Work to be completed » Using the data that follows, output only the lines from the line with "Seamless zigzag line pattern - 114708570" up to and including the line with "BEAUTIFUL portraits of", exactly, leaving pictures aside.

Data provided »
☆ ☆ ☆ ☆ ☆ ☆ ☆

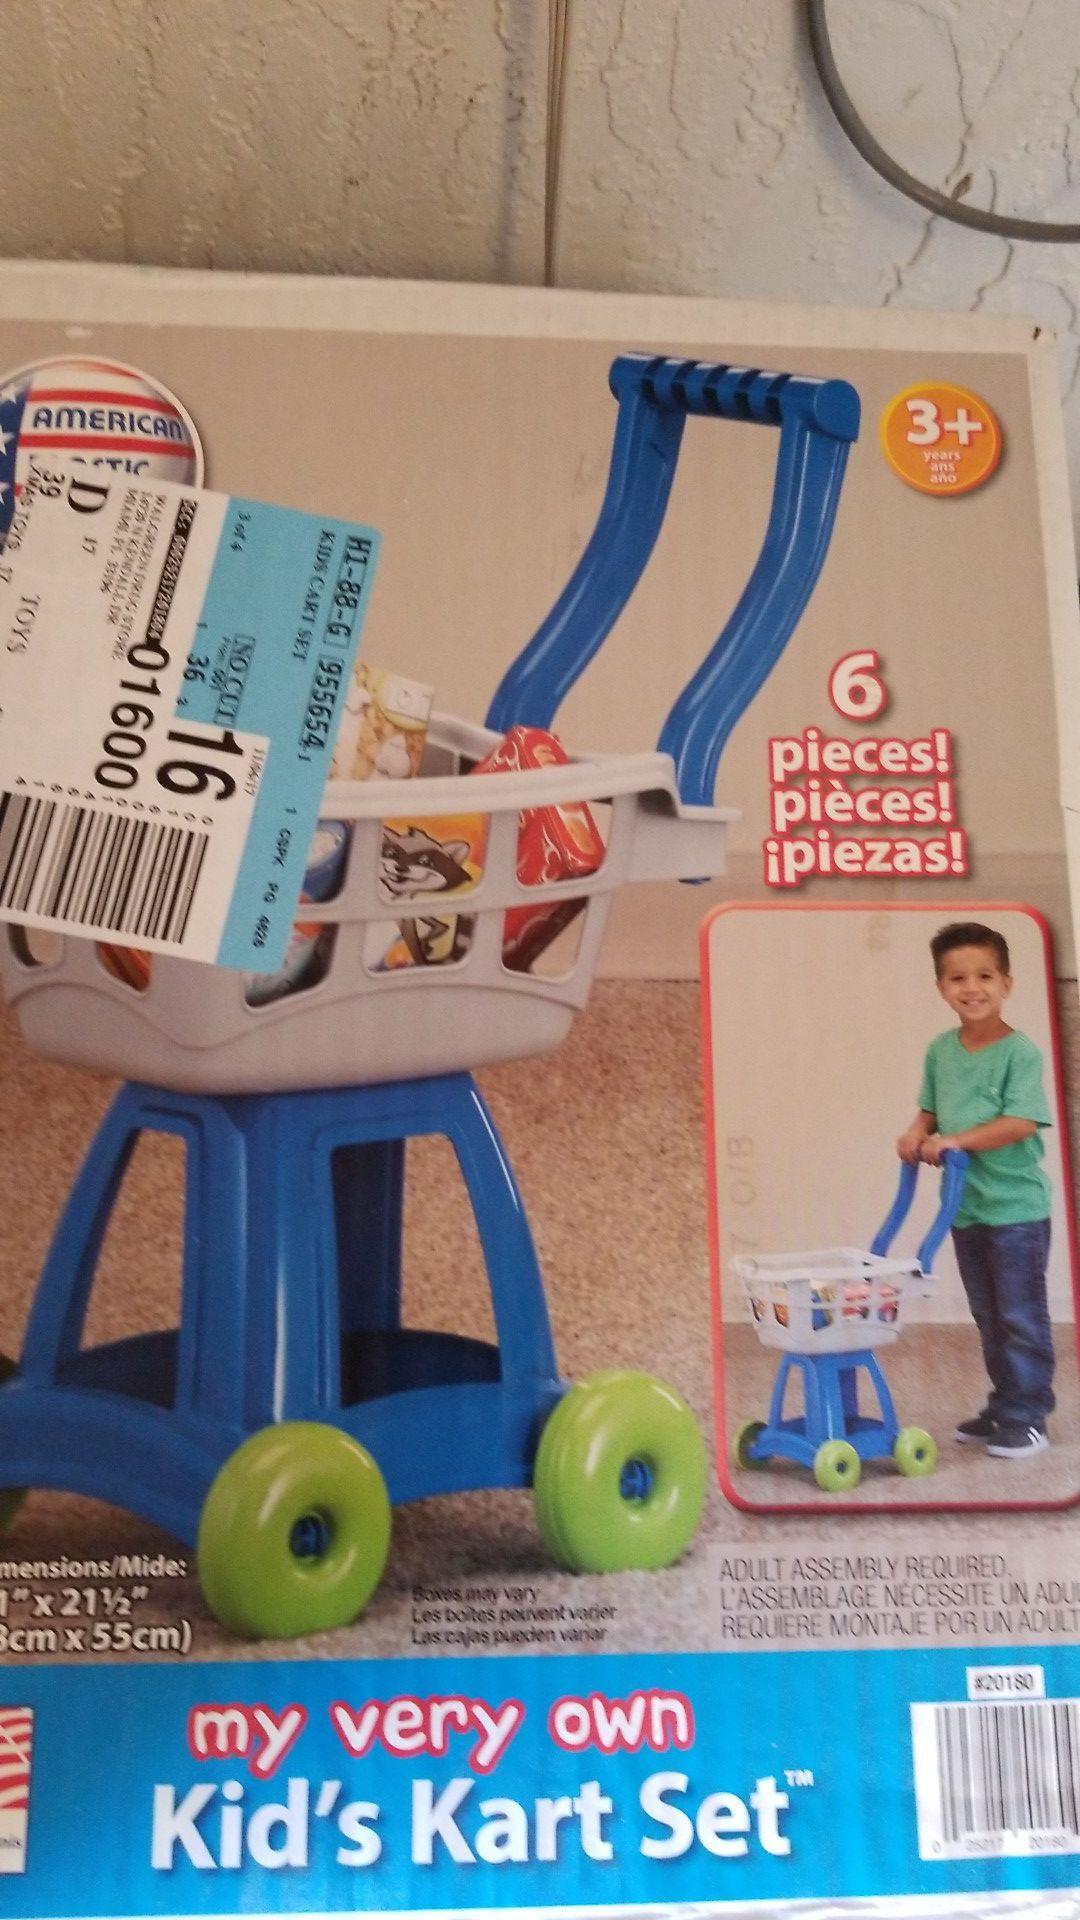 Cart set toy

☆ ☆ ☆ ☆ ☆ ☆ ☆

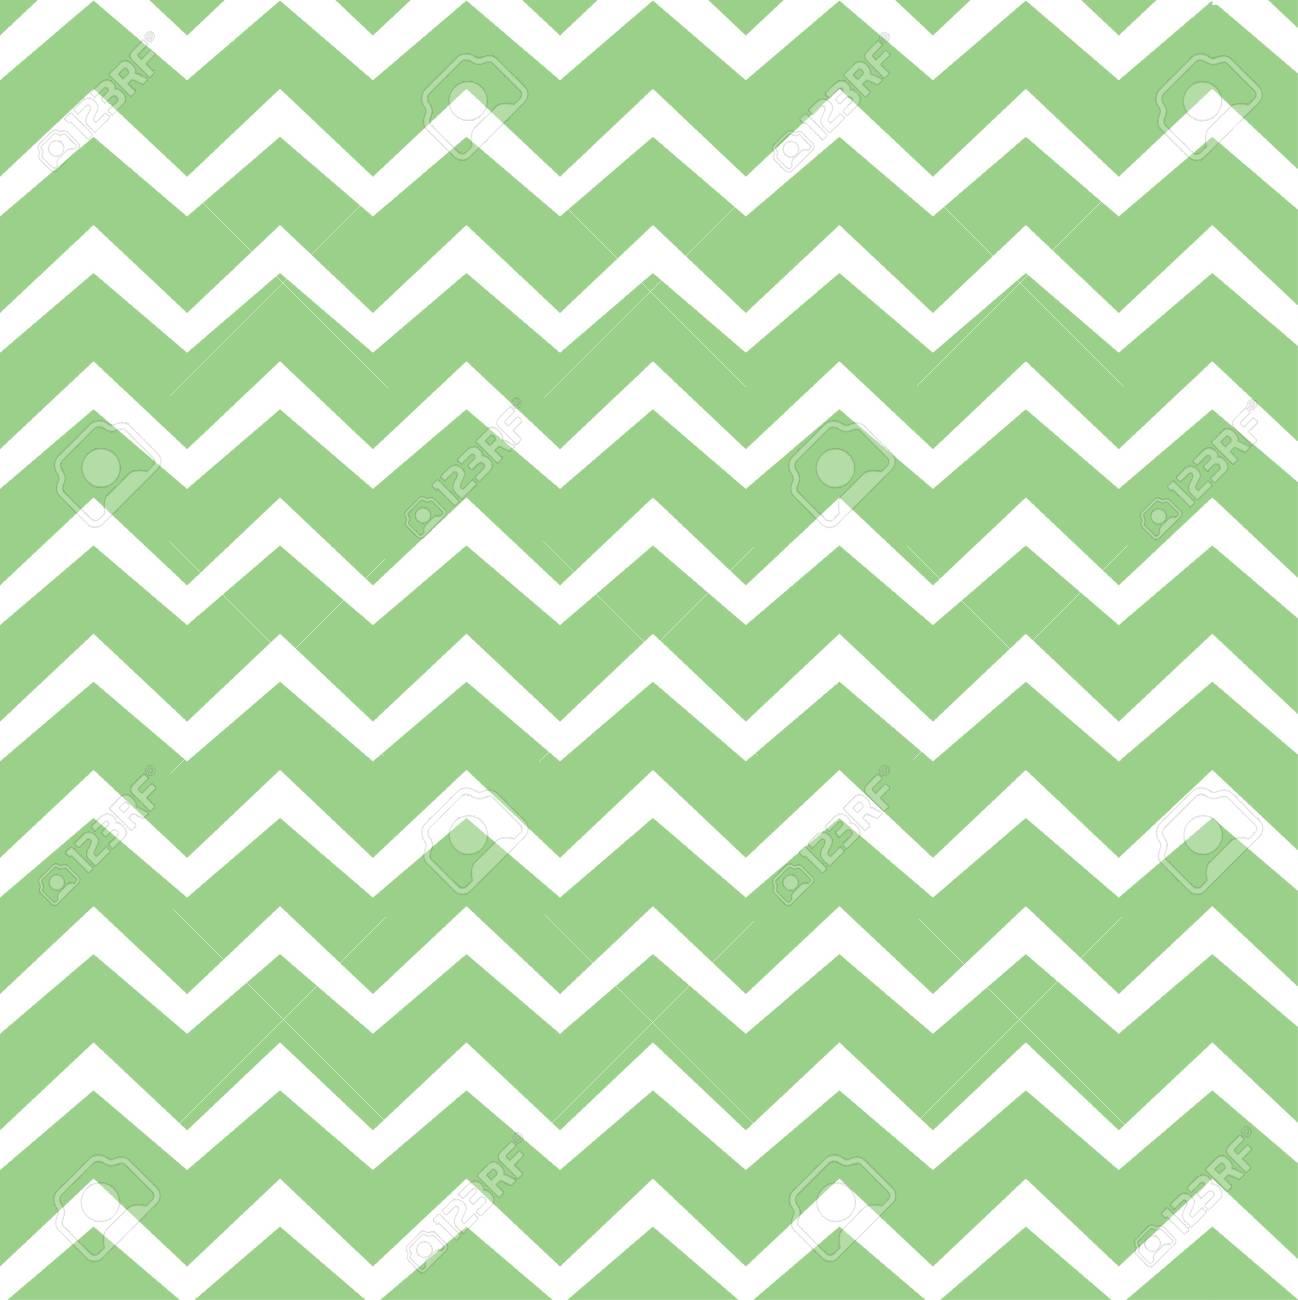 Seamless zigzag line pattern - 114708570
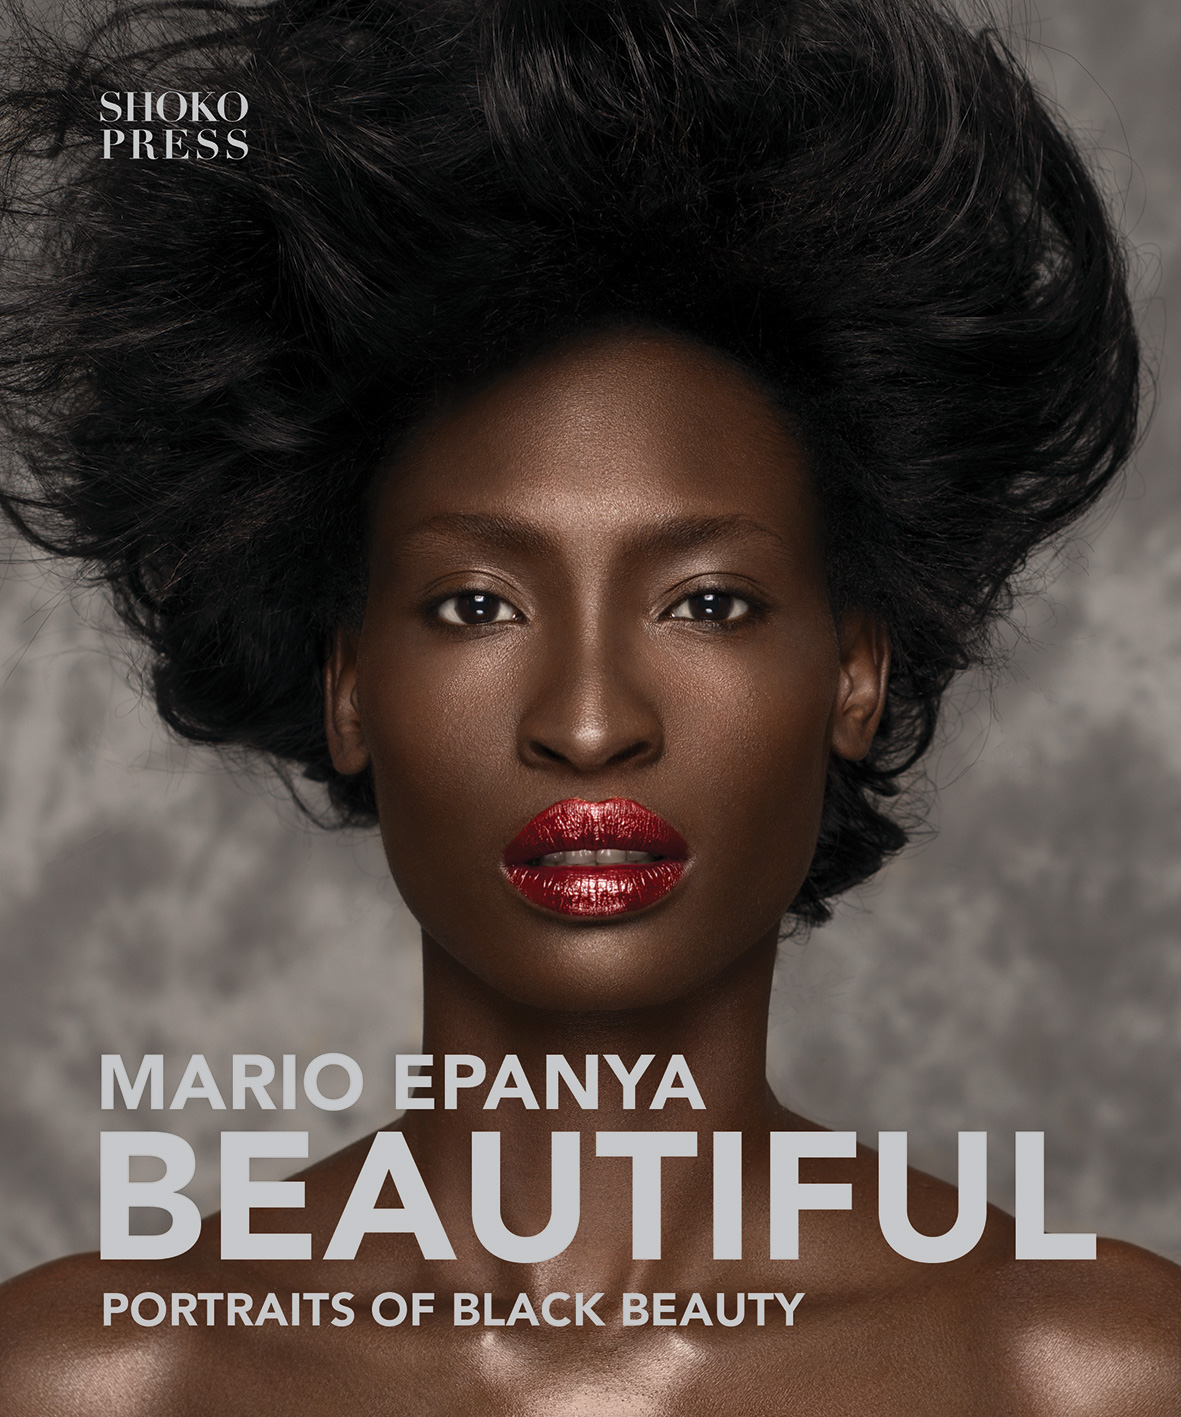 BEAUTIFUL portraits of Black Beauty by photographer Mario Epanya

☆ ☆ ☆ ☆ ☆ ☆ ☆

Result of this task »
 Seamless zigzag line pattern - 114708570
 BEAUTIFUL portraits of Black Beauty by photographer Mario Epanya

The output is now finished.